Nous sommes dans une petite pièce discrète et nous faisons la dînette. Je suis joyeux comme un gosse, tout me ravit : les grandes tasses bleues, le papier jaune de la tapisserie, les bas pain-brûlé de Julia.

Ce café est extra. Le gérant de l’hôtel doit s’approvisionner directement au Brésil.

Tout en mangeant et en débitant des madrigaux, je réfléchis. C’est une vieille habitude chez moi. Quelles que soient les circonstances, il ne faut jamais s’écarter de son sujet. Le mien c’est le Colorado-Bar et son propriétaire. Tant que le mystérieux Früger sera en liberté, je ne me sentirai pas l’âme en paix.

— Qu’avez-vous donc, cher ? Vous semblez rêveur, remarque Julia.

— C’est l’amour, lui dis-je effrontément.

Elle fronce les sourcils.

— Ne vous moquez pas de moi.

Je vais pour protester de ma bonne foi, mais à cet instant le larbin vient m’annoncer que quelqu’un me demande au téléphone. Je m’excuse et emboîte le pas au garçon d’étage.

Je saisis l’écouteur qui pend au bout de son fil.

— Allô !

— San Antonio ?

— Tout juste.

— Ici, le chef de la Sûreté. Comment va votre blessure ?

— Elle va.

— Félicitations pour votre célérité. Vous avez bien travaillé.

Ici, je toussote modestement.

Le chef tartine encore pendant quelques minutes sur mes mérites. Comme ce n’est pas la première fois que je m’entends déclarer que je suis un type pas comme les autres, je me fais les ongles pendant ce temps.

— Pouvez-vous rappliquer immédiatement ?

— Chez vous, chef ?

— Oui, à mon bureau, il vient de se passer quelque chose. Je ne peux rien vous dire par téléphone. Je crois que vous n’en avez pas encore terminé avec cette affaire.

Je fais une grimace irrespectueuse à la passoire d’ébonite.

— Très bien, chef. Le temps d’achever mon café !

Allons bon… Toujours des complications surgissent au moment où l’on aimerait se laisser vivre, le ventre au soleil.

Je rejoins Julia.

— Ça ne va pas ? me demande-t-elle.

— Pas bien, non. Il faut que je coure à la Sûreté.

— Du nouveau ?

— Sans doute, je n’ai pas de précisions.

Devant sa mine dépitée je ne peux m’empêcher d’éclater de rire.
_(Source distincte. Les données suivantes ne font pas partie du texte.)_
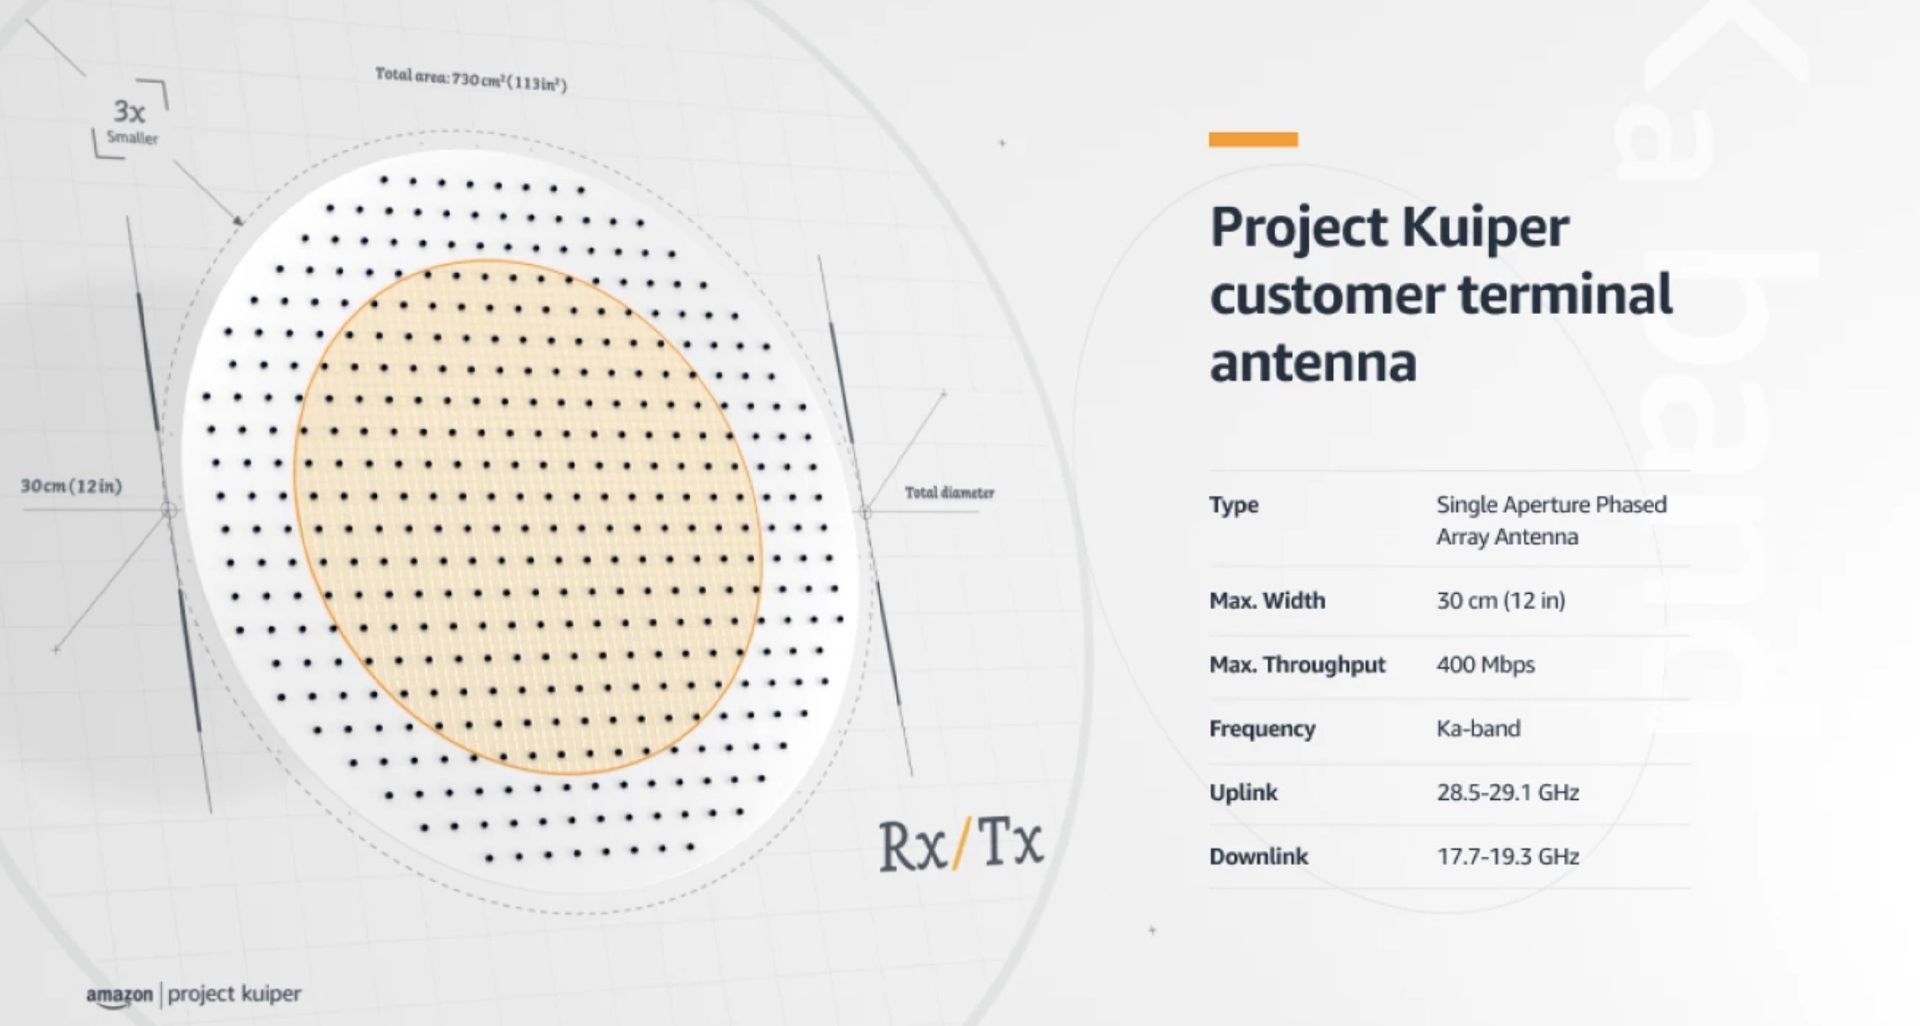 جزئیات و مشخصات دیش پایانه زمینی پروژه کویپر / Project Kuiper آمازون

— Je n’en ai pas pour longtemps. Je vais vous envoyer chercher le dernier bouquin de Max du Veuzit, vous m’attendrez ici, bien gentiment. À midi, nous irons casser une petite croûte par là à travers et nous causerons…

— Exception faite pour le bouquin, je vous obéis, répond-elle. J’ai horreur de la littérature pour jeunes filles lymphatiques.

Je me penche sur elle et je lui offre un baiser grand format. Elle me rend honnêtement la monnaie.

Nous sommes quittes.

CHAPITRE II

Changement de décors

Le chef a une mine curieuse qui exprime à la fois le souci et la cordialité. Comme la veille, il me désigne son fauteuil pour mammouth adulte et il s’accoude à son bureau.

— Maintenant, racontez-moi vos aventures de cette nuit.

— Baudron ne vous a pas fait son rapport ?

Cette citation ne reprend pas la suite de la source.